Stagflation vs inflation
Inflation is an ever-present feature of an economy, whereas stagflation is an anomaly. Inflation refers to an increase in prices of goods and services in an economy over time. An average of 2% inflation per annum is considered to be acceptable and indicative of a healthy economy, according to the mainstream economic school of thought.
Stagflation, on the other hand, is a period where the economy is, to put it bluntly, in a bad shape. It is marked by high inflation, high unemployment, and a shrinking economy as denoted by a decrease in GDP. Investor sentiment is typically negative, as higher prices (caused by inflation) combined with lower demand (due to high employment) generally result in lower stock earnings for corporations.
How to invest in a stagflation?
When stagflation occurs, investors usually see a decline in the home currency relative to other currencies. Investors may also see declines in stock prices as market participants try to protect themselves against inflation by shifting money into more stagflation-resistant assets.
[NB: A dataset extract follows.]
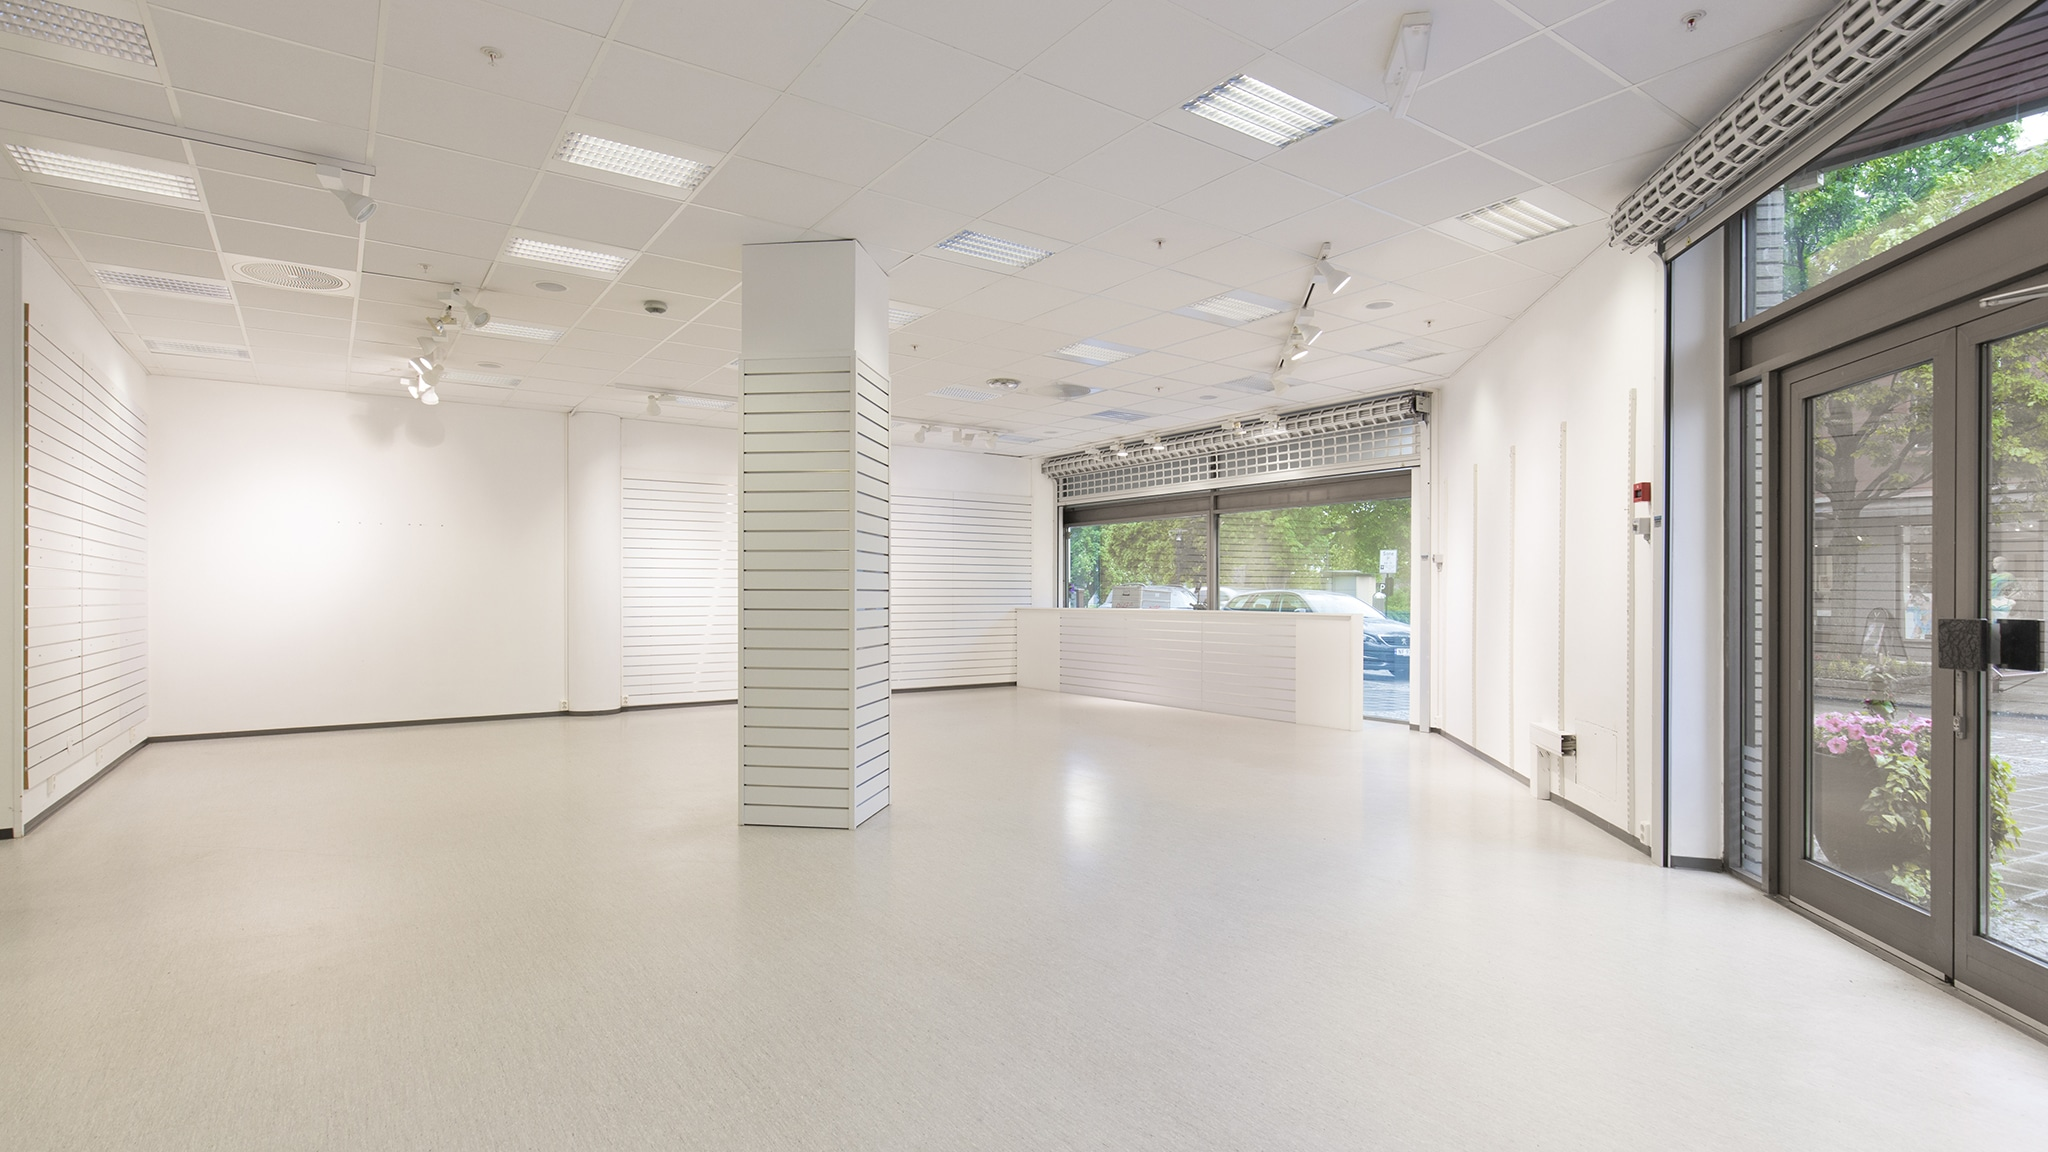 Butikklokale hammondgården storgata 125 Porsgrunn 6

When stagflation is on the horizon, it is important to diversify your investments. You must be careful when investing in mutual funds, index funds, or ETFs and select investment vehicles positioned to handle stagflationary periods.
In stagflationary environments–which involves high inflation–it is generally safer to reduce one’s bonds and stocks holdings. When people have less money to spend, and businesses produce less, their value also decreases. This is why the stock market is not the best place during stagflation.
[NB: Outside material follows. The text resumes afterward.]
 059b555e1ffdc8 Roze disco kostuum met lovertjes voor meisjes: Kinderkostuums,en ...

Instead, smart investors usually choose to invest in commodities (such as oil, gas and copper), because if inflation is high, commodity prices will also increase. This is not to say there will not be risks or volatility in this asset class.
Real estate is another viable investment option in a stagflationary economy, especially when it is bought on a fixed-rate mortgage. This is because prices usually increase with inflation, while the mortgage payment is relatively lower (since it was pegged to a lower, fixed interested rate.)
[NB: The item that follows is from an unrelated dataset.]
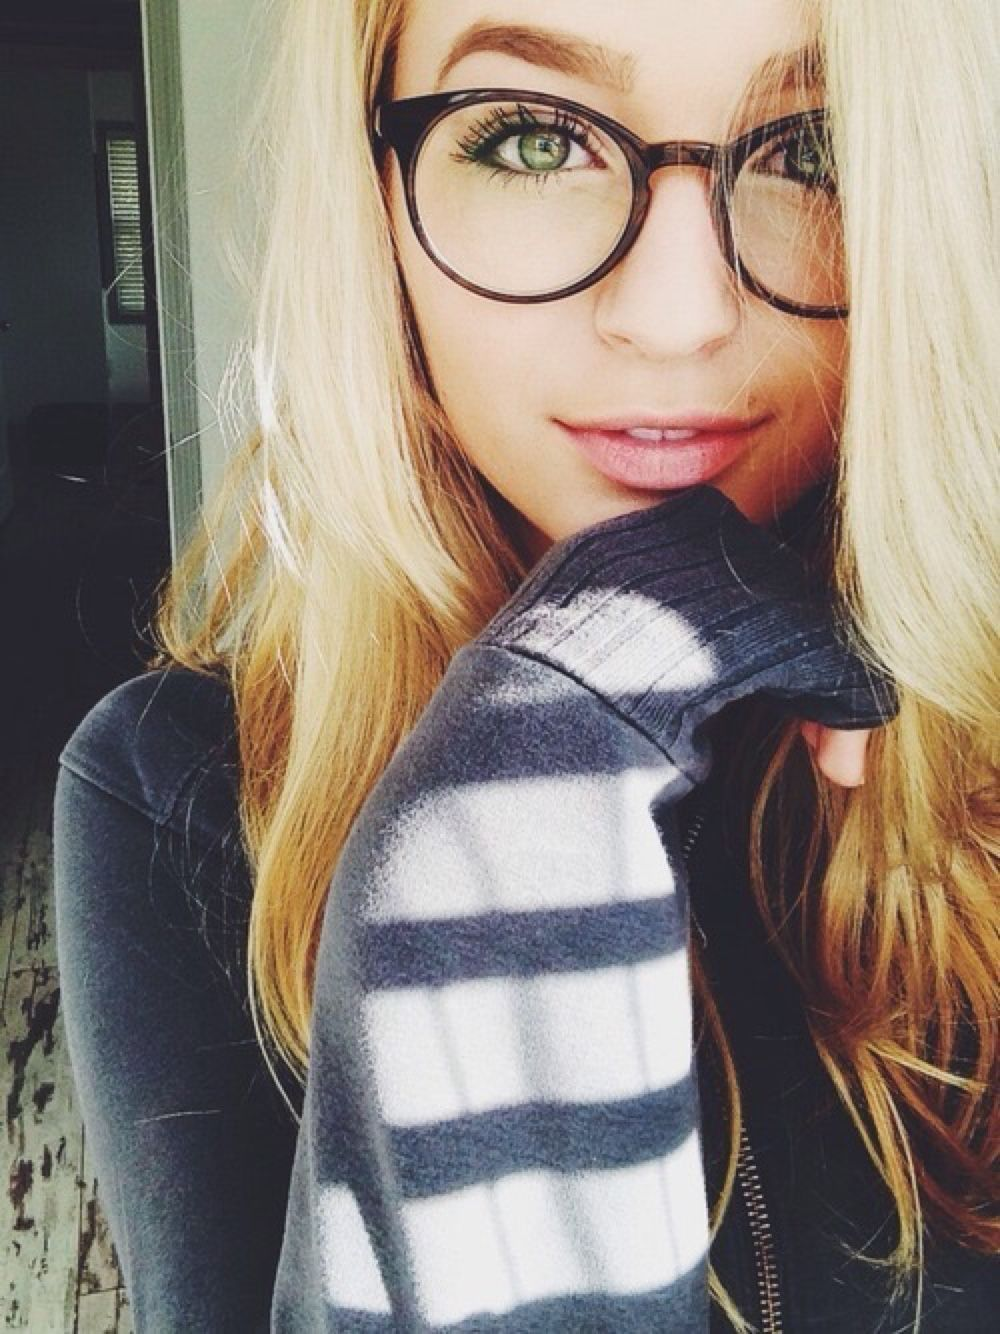 Herausragende Brillenlabels | Pinterest | Brille, Durchblick und ...

Is crypto investing good in a stagflation?
Increasingly, investors are looking to crypto as an alternative asset class money against inflation and, if it comes to it—stagflation. In the early when the prices of fiat currencies devalue due to inflation, cryptocurrencies, Bitcoin in particular, become one of the few solutions to protect purchasing power.
Bitcoin and stagflation
Bitcoin, with its fixed supply of 21 million, is considered to be a deflationary asset. In theory, this makes it a good inflation hedge–but with Bitcoin increasingly getting treated the same as high-risk stocks/equities especially in the past two years, this theory is being put to test as the world enters 2022 with uncommonly high inflation almost everywhere around the world.
At the time of writing, Bitcoin continues to trend downwards in price, having lost about 70% of its peak value since November 2021. Hardcore Bitcoiners are continuing to “stack the sats,” however, as they believe its price will in time cross $100,000 and to buy it now is to get in at a good discount.
In any case, this is the first time Bitcoin is experiencing its first full-blown recession as a significant asset class (it was introduced to the world in 2008 during the Global Financial Crisis but nobody took it seriously as an asset then.) It will be interesting to see how Bitcoin, and by extension, altcoins such as Ethereum, perform during this period of turbulence and uncertainty.